Lee Ju-Hwan, Kim Jin-Young, Kim Hyoung-Gook
Department of Intelligent Electronics and Computer Engineering, Chonnam National University, 77 Yongbong-ro, Buk-gu, Gwangju 61186, Republic of Korea.
Department of Electronic Convergence Engineering, Kwangwoon University, 20 Gwangun-ro, Nowon-gu, Seoul 01897, Republic of Korea.
Bioengineering (Basel). 2024 Oct 3;11(10):997. doi: 10.3390/bioengineering11100997.
Multimodal emotion recognition has emerged as a promising approach to capture the complex nature of human emotions by integrating information from various sources such as physiological signals, visual behavioral cues, and audio-visual content. However, current methods often struggle with effectively processing redundant or conflicting information across modalities and may overlook implicit inter-modal correlations. To address these challenges, this paper presents a novel multimodal emotion recognition framework which integrates audio-visual features with viewers' EEG data to enhance emotion classification accuracy. The proposed approach employs modality-specific encoders to extract spatiotemporal features, which are then aligned through contrastive learning to capture inter-modal relationships. Additionally, cross-modal attention mechanisms are incorporated for effective feature fusion across modalities. The framework, comprising pre-training, fine-tuning, and testing phases, is evaluated on multiple datasets of emotional responses. The experimental results demonstrate that the proposed multimodal approach, which combines audio-visual features with EEG data, is highly effective in recognizing emotions, highlighting its potential for advancing emotion recognition systems.

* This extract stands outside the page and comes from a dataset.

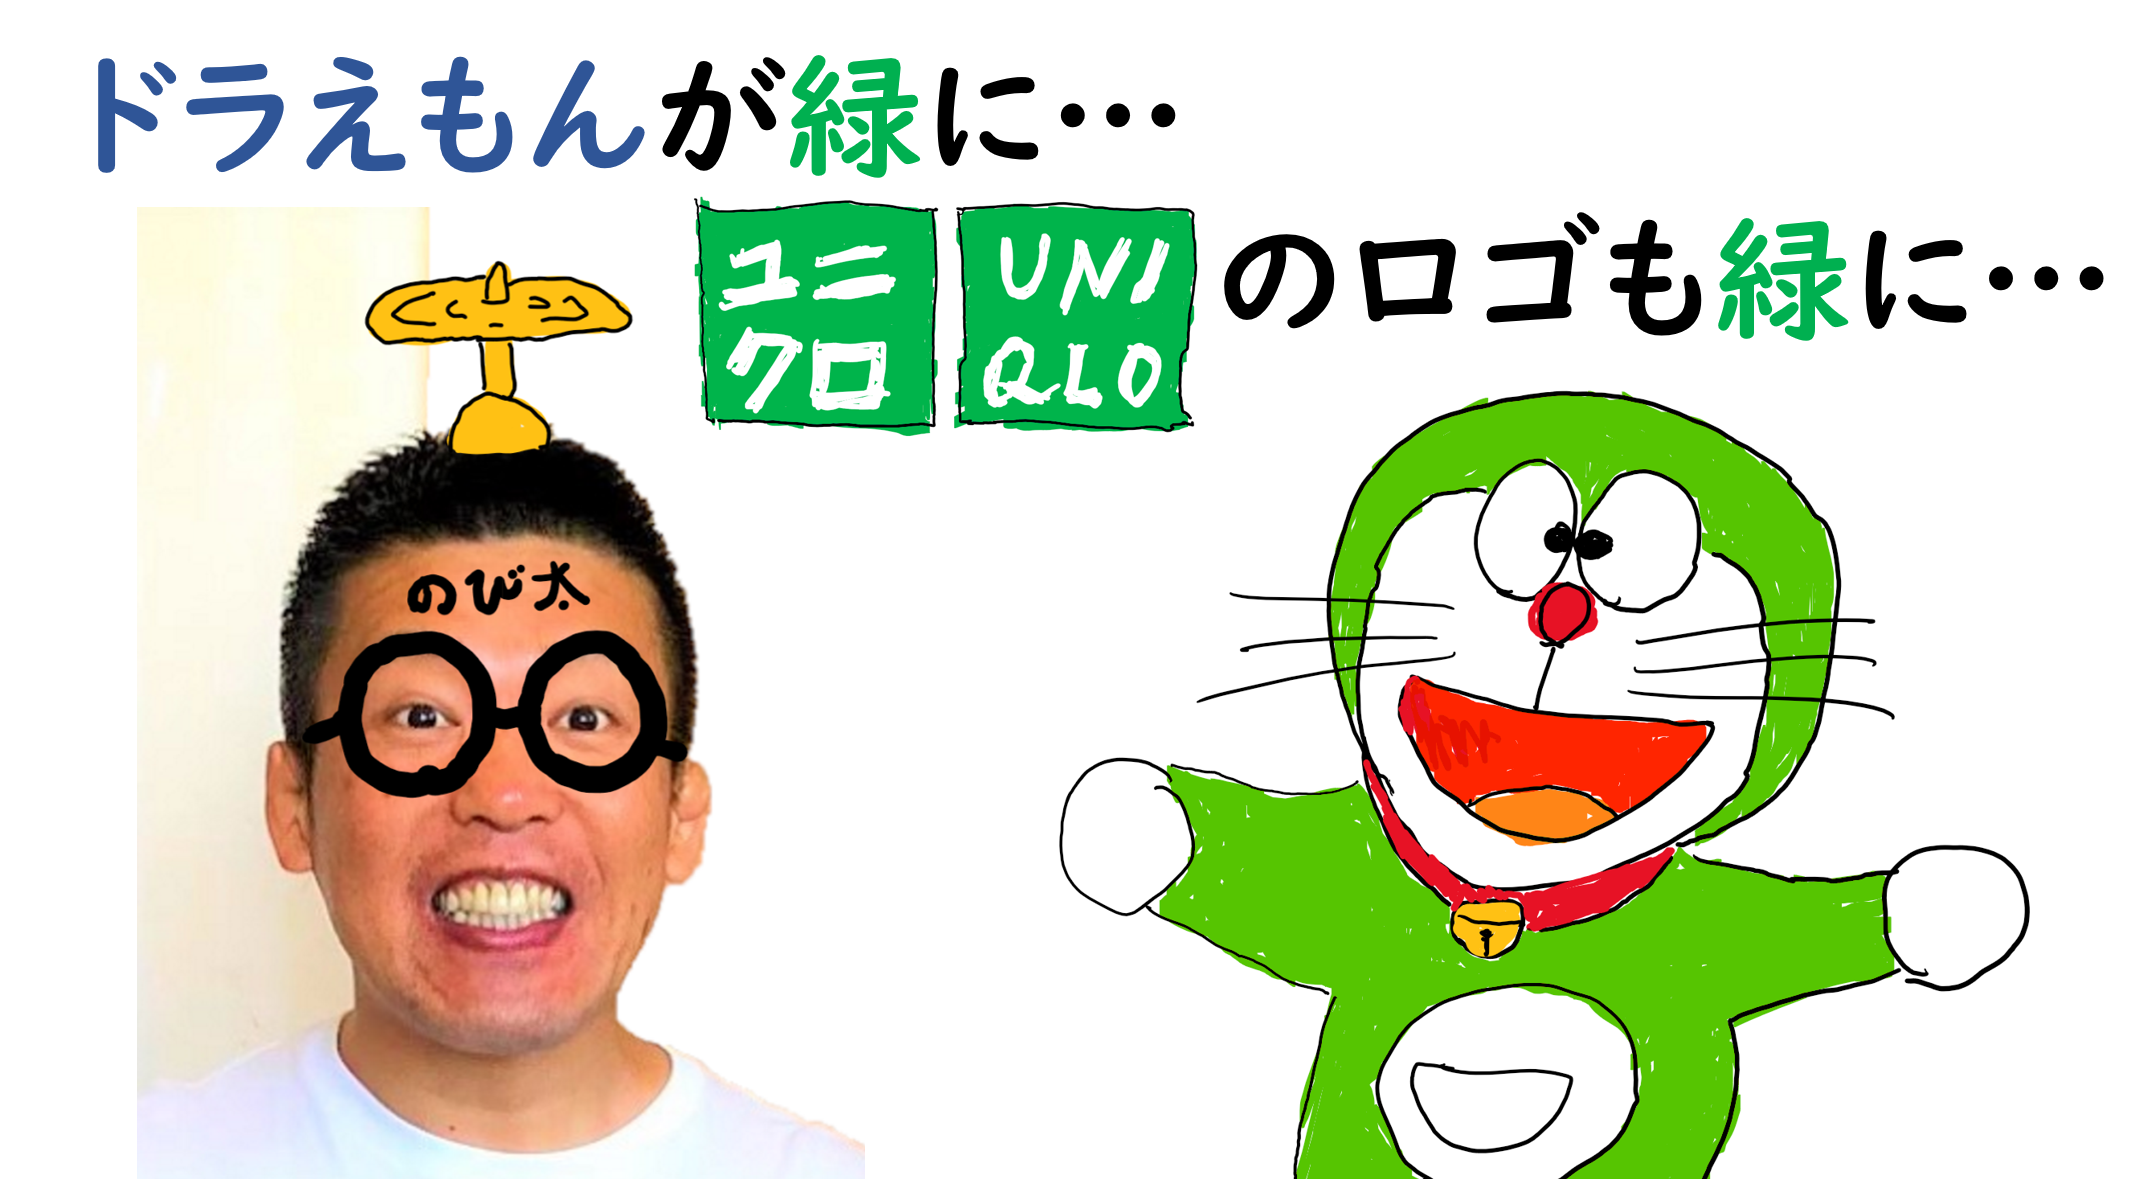 ドラえもんが緑に ユニクロのロゴも緑に Sdgs専門家 セミナー講師 独立起業支援 石川県で活躍中の行政書士事務所

多模态情感识别已成为一种很有前景的方法,通过整合来自各种来源的信息(如生理信号、视觉行为线索和视听内容)来捕捉人类情感的复杂本质。然而,当前的方法在有效处理跨模态的冗余或冲突信息方面往往存在困难,并且可能会忽略隐含的模态间相关性。为了应对这些挑战,本文提出了一种新颖的多模态情感识别框架,该框架将视听特征与观众的脑电图(EEG)数据相结合,以提高情感分类的准确性。所提出的方法采用特定模态的编码器来提取时空特征,然后通过对比学习进行对齐,以捕捉模态间的关系。此外,还引入了跨模态注意力机制,以实现跨模态的有效特征融合。该框架包括预训练、微调及测试阶段,并在多个情感反应数据集上进行了评估。实验结果表明,所提出的将视听特征与EEG数据相结合的多模态方法在情感识别方面非常有效,凸显了其在推进情感识别系统方面的潜力。